PROMPT -
Every line below from the one with "Falling Leaves mod with shaders!" through the one with "-Complementary Shaders" is to be repeated exactly, with no picture among them.

INPUT FOR THIS TASK -

= = =

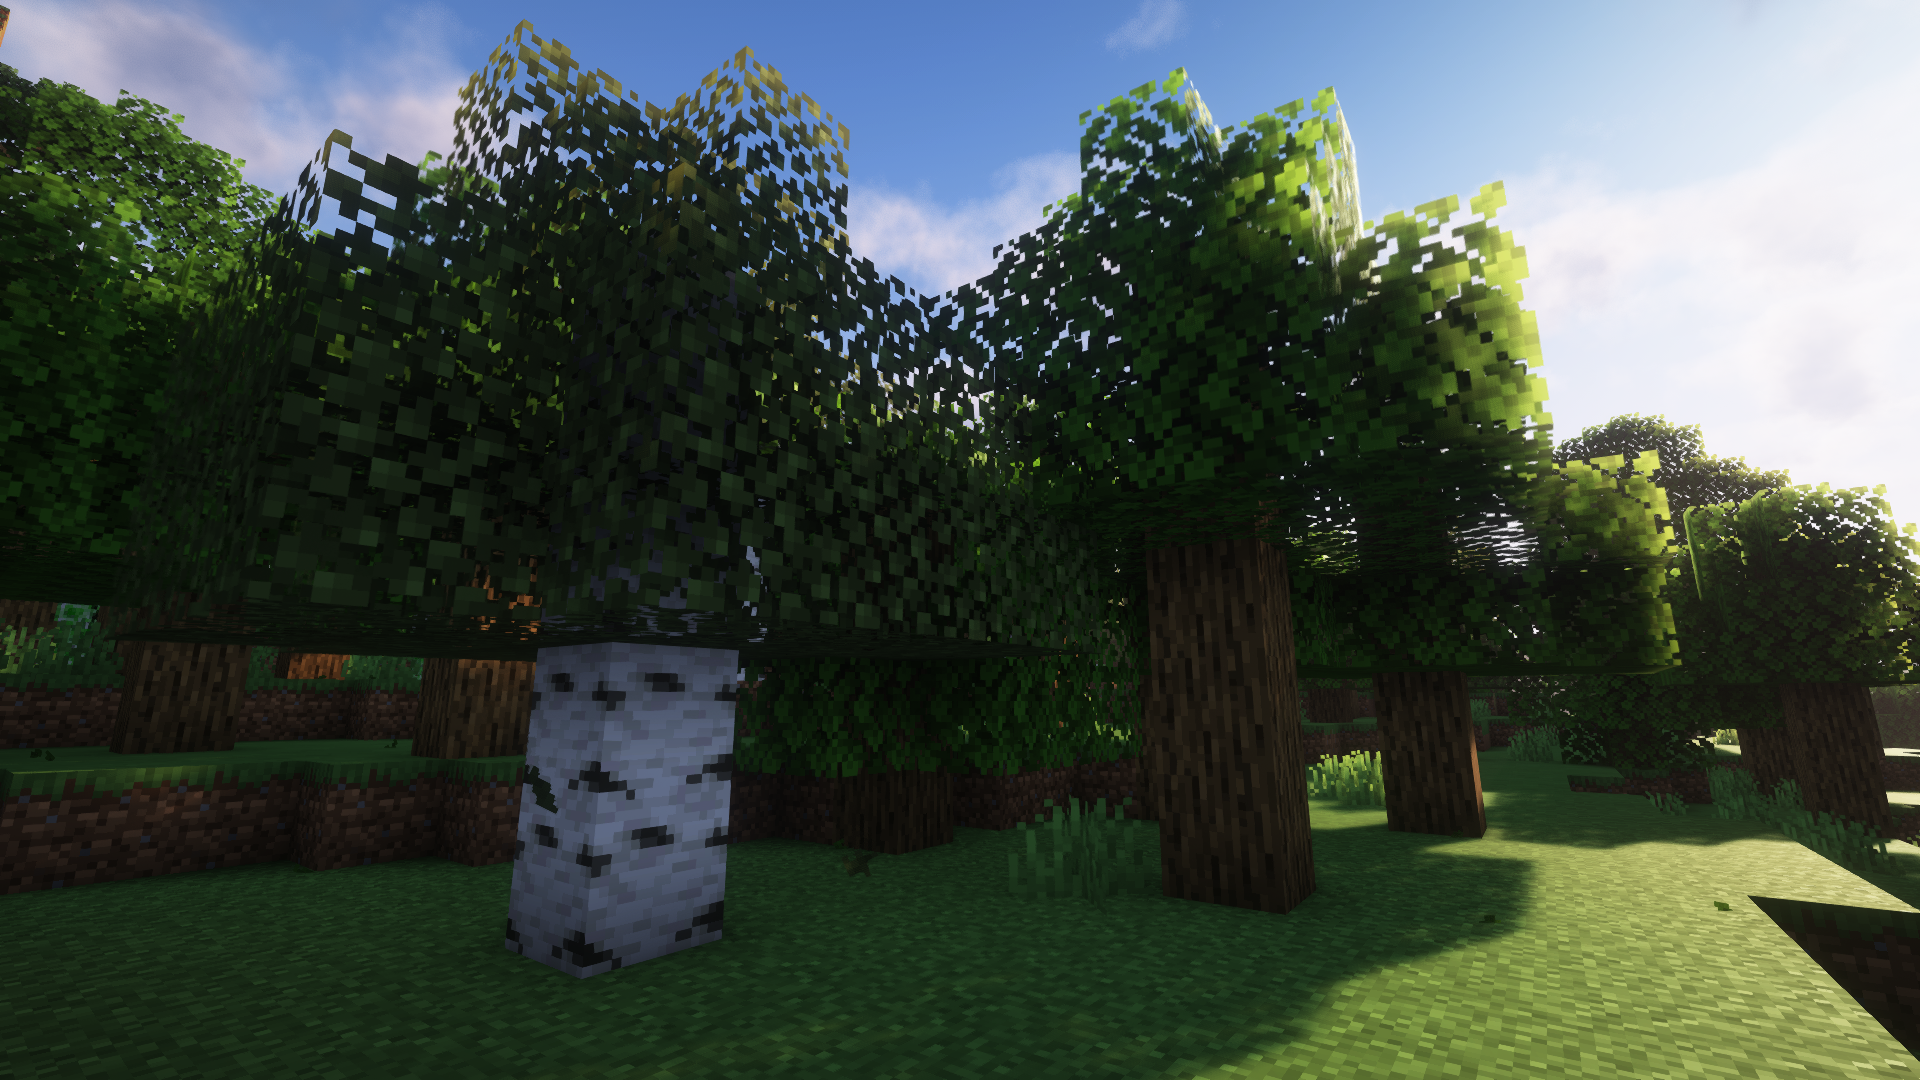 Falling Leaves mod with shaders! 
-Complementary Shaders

= = =

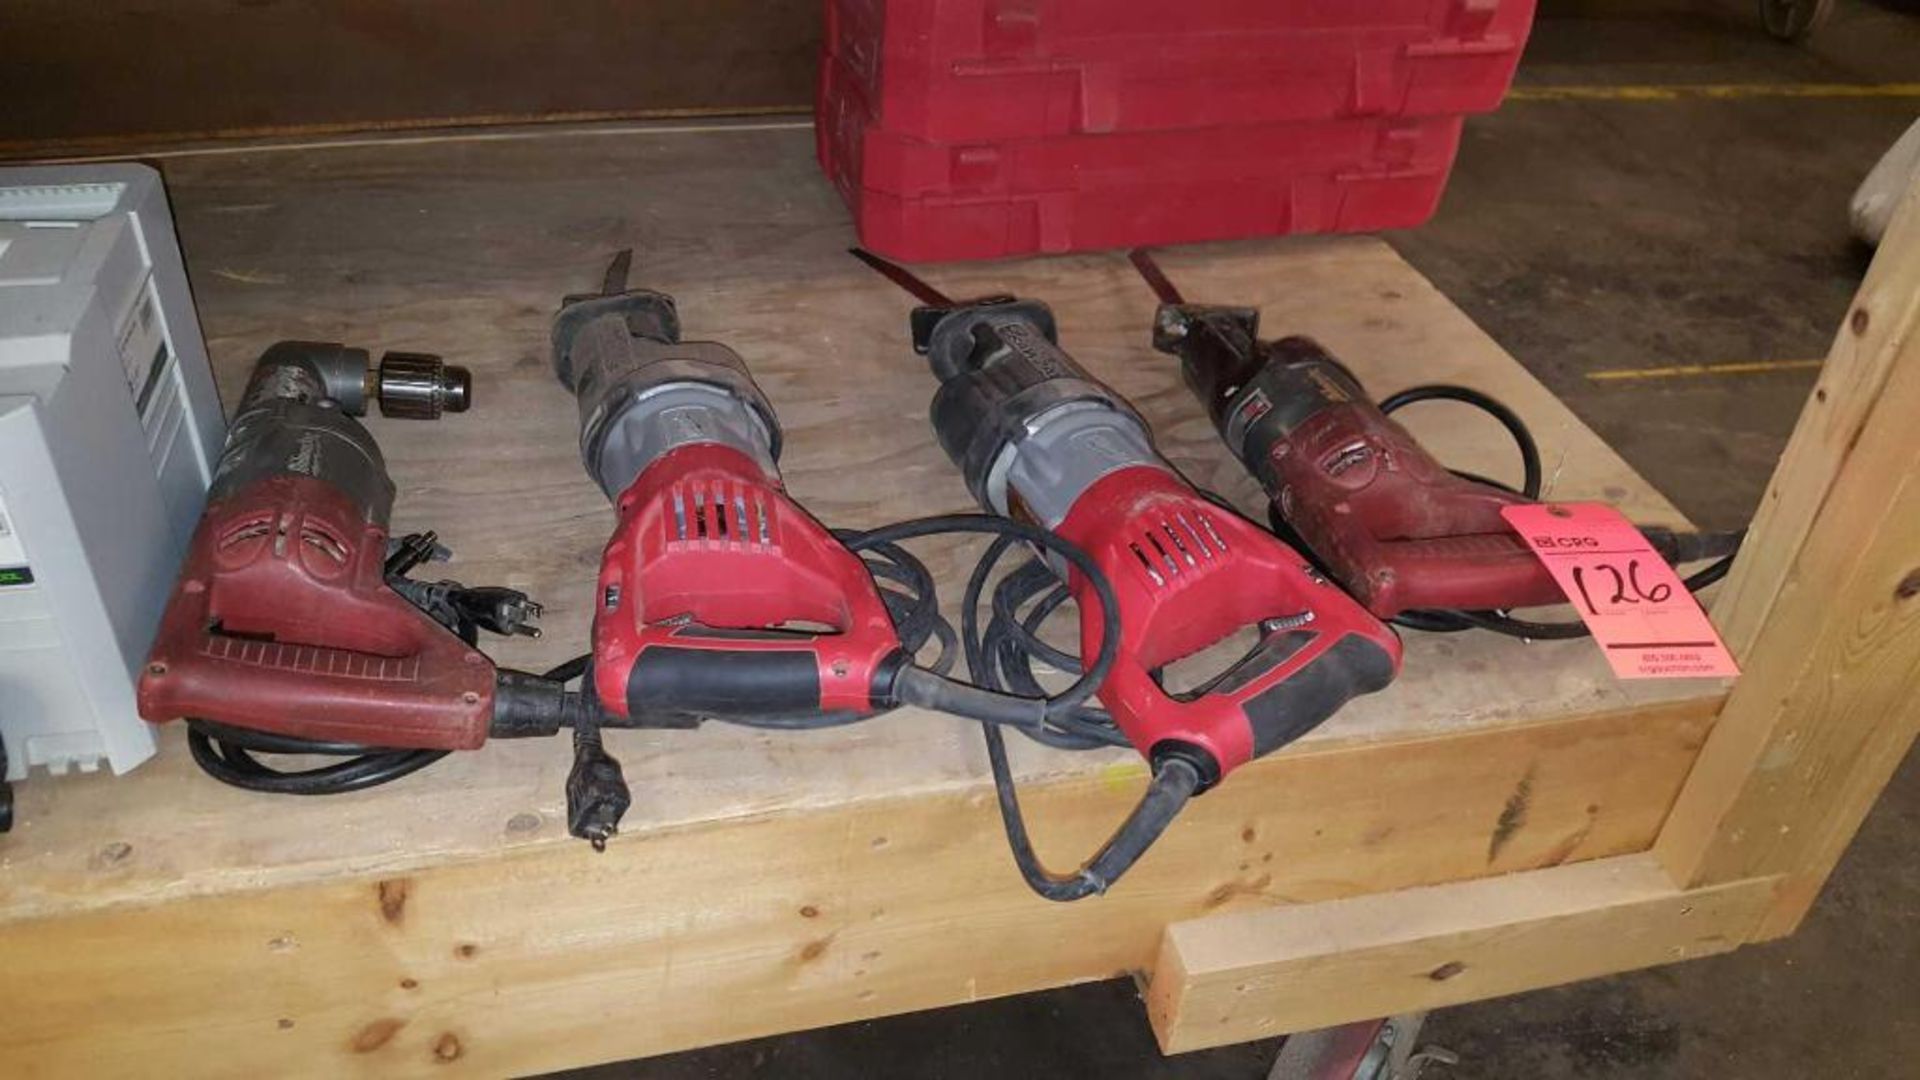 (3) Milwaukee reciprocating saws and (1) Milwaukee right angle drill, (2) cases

= = =

REPLY TO THE TASK -
 Falling Leaves mod with shaders! 
-Complementary Shaders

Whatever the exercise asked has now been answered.